While local leaders and elected officials have denounced the violence at last week’s protests, relatively few have condemned Mr. Tischler.
Rabbi Chaim Dovid Zwiebel, executive vice president of Agudath Israel of America, an Orthodox umbrella group, said Mr. Tischler was a fringe figure who had “made an idiot of himself.”
“I don’t think anybody really knew him or had heard of him until he decided to turn himself into the wonderful spokesman he thinks he is,” Rabbi Zwiebel said. “This guy is supposed to be a community leader? Please. It is an embarrassment.”
Mr. Tischler first gained popularity in June when he used bolt cutters to unlock city playgrounds — at least 14 in his telling — that had been closed by the authorities as part of Covid-19 restrictions. The move was celebrated by Orthodox parents, many of whom had been crowded in small apartments with many children.
In an interview in Crown Heights last week, Mr. Tischler said he believed the newly imposed restrictions were singling out Orthodox Jews because “the Jews don’t fight back, the Jews take things lying down.”
“We will not be sheep anymore,” he said.
He called Mr. Trump one of the “greatest presidents we’ve ever had” and said he thought Mr. Cuomo was exaggerating the threat of the coronavirus because the governor planned “to create martial law.”
As he spoke, a small circle of young men gathered on the sidewalk to listen. One of them, Mendy Freidman, 23, shrugged when asked if he supported Mr. Tischler but said that he understood his appeal.
“Nobody else is willing to do what he does,” he said. “Nobody else is willing to go to jail.”
But Mr. Tischler’s public stunts often contain a hint of menace. Last month, when city health officials held a news conference in Brooklyn to discuss the virus uptick, he disrupted the event while not wearing a mask, shouting at top health officials that the virus uptick was fake, and called them “Jew haters” and “garbage.”
And his messages have carried racist undertones. Some of the city health workers sent to conduct outreach in Orthodox neighborhoods have been people of color. In one video, Mr. Tischler shows himself calling them outsiders who are “ready to come after us.”

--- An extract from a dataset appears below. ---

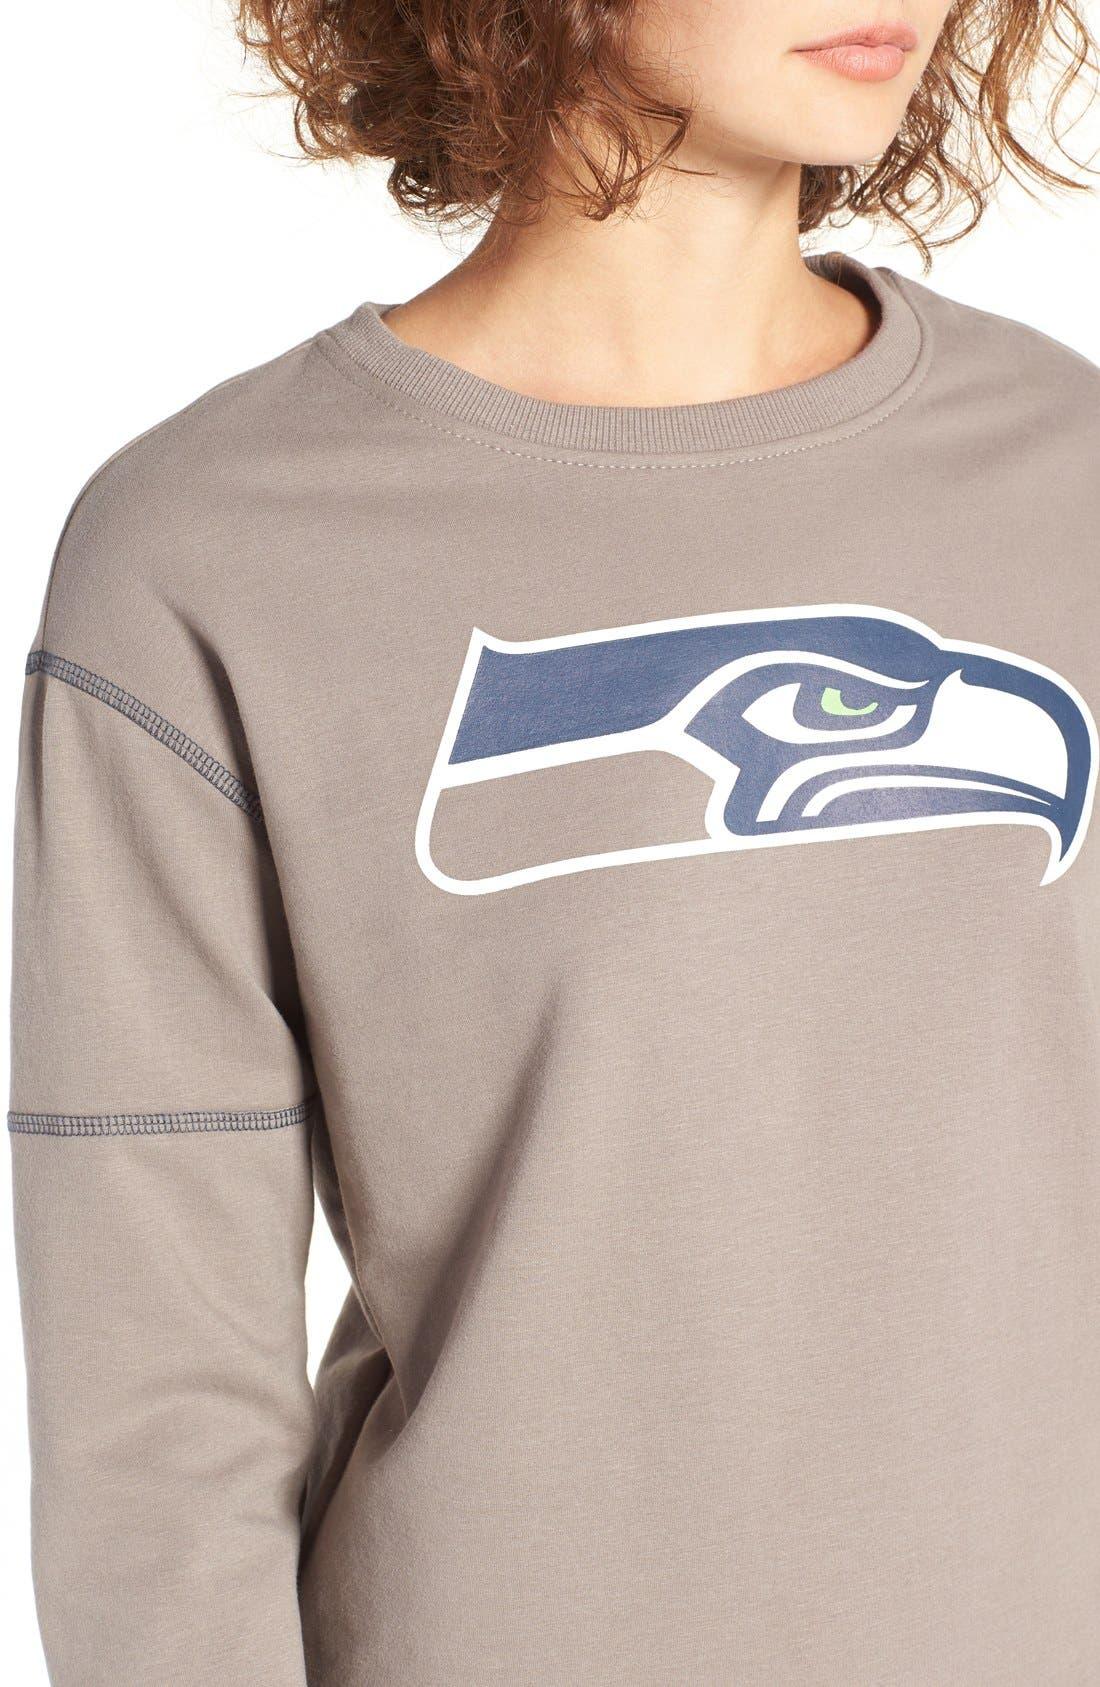 Alternate Image 4  - 47 Brand 'Seattle Seahawks' Graphic Sweatshirt

“I’m sure most of them are from just the projects, picked off the street with not even proper training,” he said.
The criminal charges against him stem from his actions during the protests, which lasted for two nights last week and resulted in attacks on at least three men. Two of them, a photographer and a Hasidic man accused of disloyalty to the community, were attacked on Tuesday.
After those episodes, Mr. Kornbluh sent Mr. Tischler a late-night WhatsApp message, which was shared with The New York Times, calling the violence Mr. Tischler was stoking a “chillul Hashem” — a desecration of God’s name.
The next morning, Mr. Tischler filmed a video of himself in a graveyard threatening Mr. Kornbluh, which soon spread in popular Hasidic WhatsApp groups.
That night he confronted Mr. Kornbluh at the protest, setting off the mob attack that resulted in Mr. Tischler’s arrest on Sunday, prosecutors say.